In enterprises, small, medium, or large, there are many different teams. Each team, over time, develops its own language. For example, for a corporate team, “customer” could mean “legal entity,” whereas for the central platform team, it could be individuals/legal entities/government entities, etc. This dissonance can lead to collaboration challenges and, worse, to misinterpretation of data and affect insights and decisions. This dissonance also prevents users unfamiliar with the area from having a self-service path, leaving them dependent on tribal knowledge in the organization. Navigating it introduces manual overhead and makes it hard to stay updated with changes. 

With Dataplex business glossary, users can now :

  • capture their business terminology within glossaries and terms
  • enrich cataloged data entries with this business terminology by attaching defined terms to data entry columns
  • describe semantic relationships between terms by establishing cross-term associations.

Dataplex business glossary supports data practitioners in several ways. Firstly, it promotes semantic consistency in defining and interpreting data across teams, which helps to minimize redundancy and reduce the possibility of confusion and misinterpretation when consuming data. For example, with a centrally curated definition of the term ‘retail transaction,’ when two teams produce two different data assets capturing details of retail transactions, they would structure these data assets consistently according to the defined terminology.

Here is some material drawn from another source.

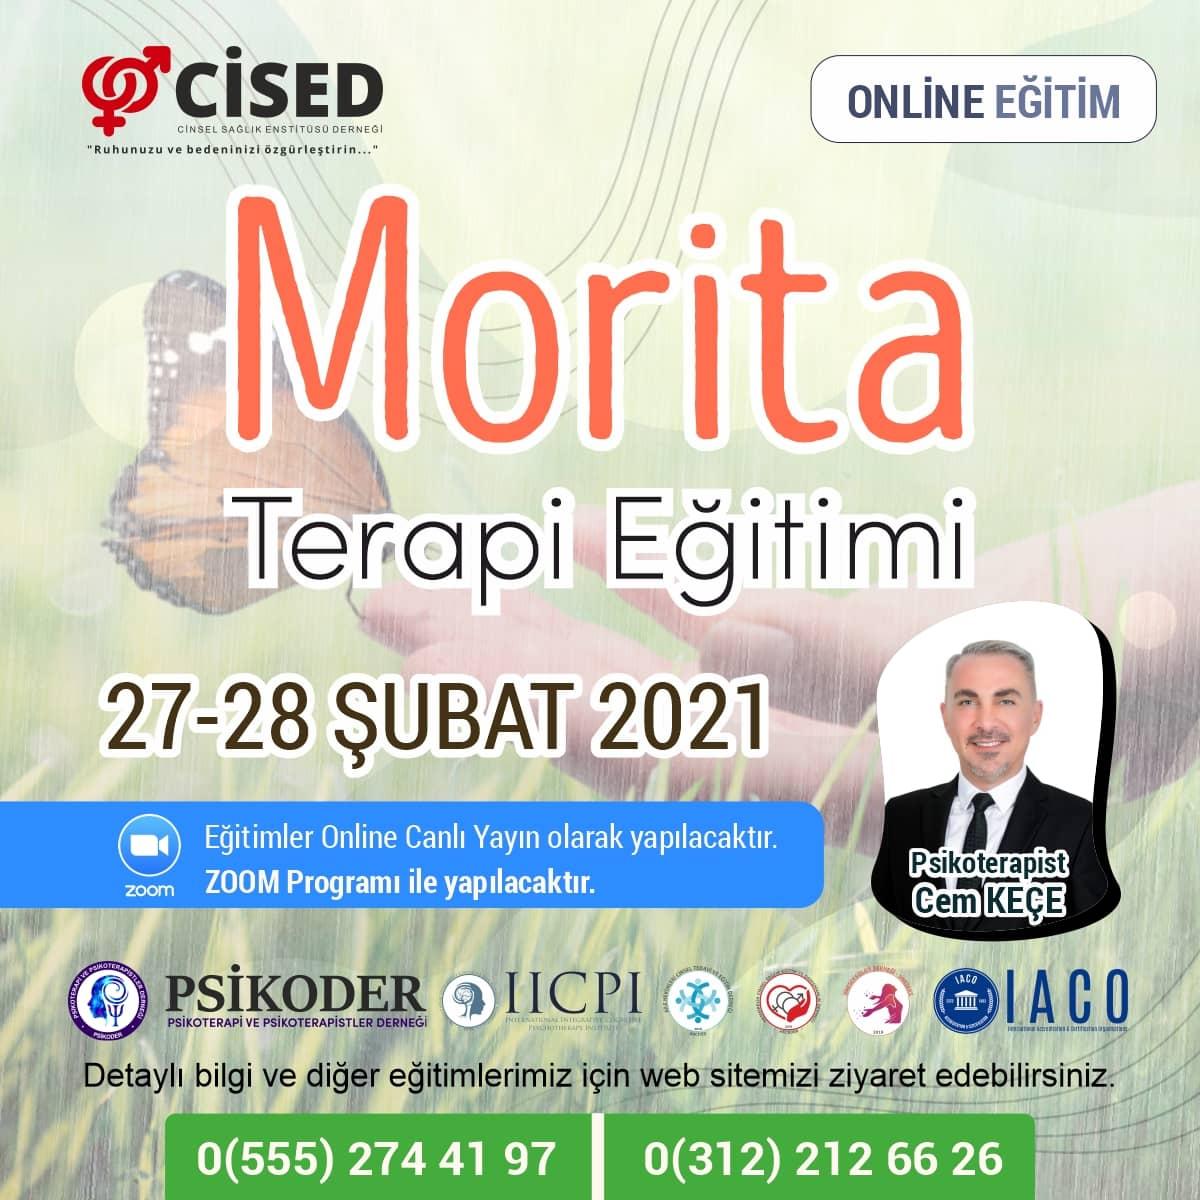 Morita Terapi Eğitimi
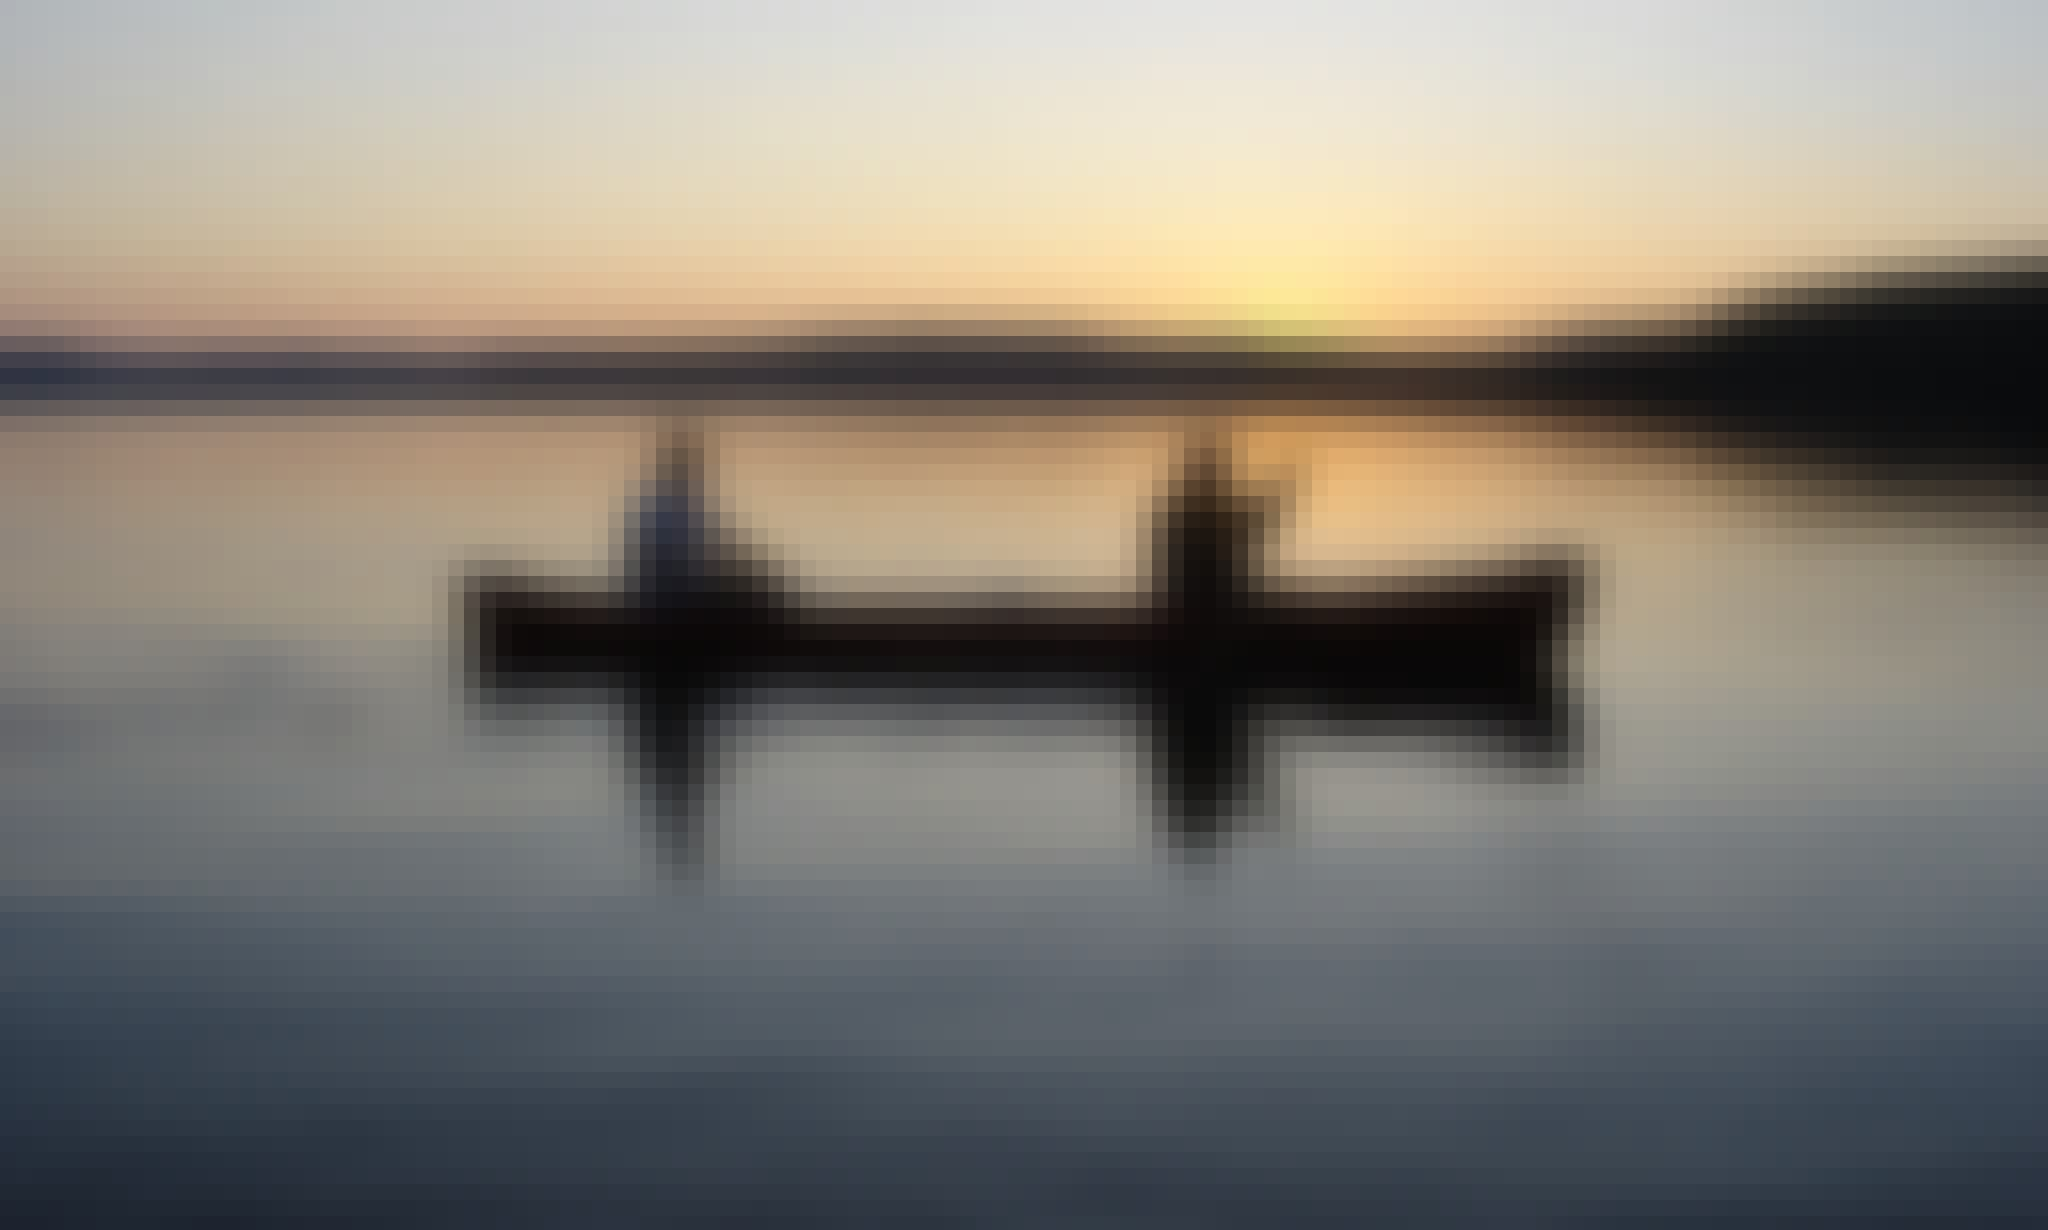 Canoe Rental on Trout Lake, Ontario

Semantic consistency,in turn, reinforces understanding of and trust in data. When attached to data assets, glossary terms provide an additional layer of centrally curated and consistent business context that allows users to confidently establish  the degree to which the data assets fit for their purpose. In the above example of customer data, an analyst searching for “show me all customer tables” does not have to worry about varying interpretations for identified data assets, i.e., whether they refer to personal customers or legal entities, etc. With business glossary, the correct interpretation is established via associated glossary terms which provide the required context for these data assets and allow the analyst to identify the relevance of discovered data more reliably.

All the above then unlocks self-serve use of data, allowing users to leverage glossary content to discover data assets (e.g. through search queries like “Show me all entries which attached glossary terms referencing ‘retail transaction’ anywhere in their definitions” – note how search can address varying term metadata, including descriptions and associated Data Stewards, when identifying data assets), understand the semantics of these data assets, and consequently – identify applicable usage scenarios for these data assets.

Additionally, Dataplex business glossary can support data governance, with data governance teams using glossary context for informing data governance policy configuration decisions. For example, these teams can consider data assets associated with glossary terms referencing “customer” for additional access control policies related to customer data handling. 

In summary, you can leverage the Dataplex business glossary alongside  the broad set of Dataplex data governance capabilities to enable users to establish a common and consistent business language, strengthen trust in data, promote self-serve use, and get value from your data.

How do I get started?

To get started with Dataplex business glossary, visit the Glossaries tab in Dataplex. You can capture business terminology by defining glossaries, terms, and cross-term relationships. 

You can then associate cataloged entries with defined terms as you browse data entries in Dataplex Search.

Once glossary content is defined and associated with data entries, you can leverage glossary content in discovery and search.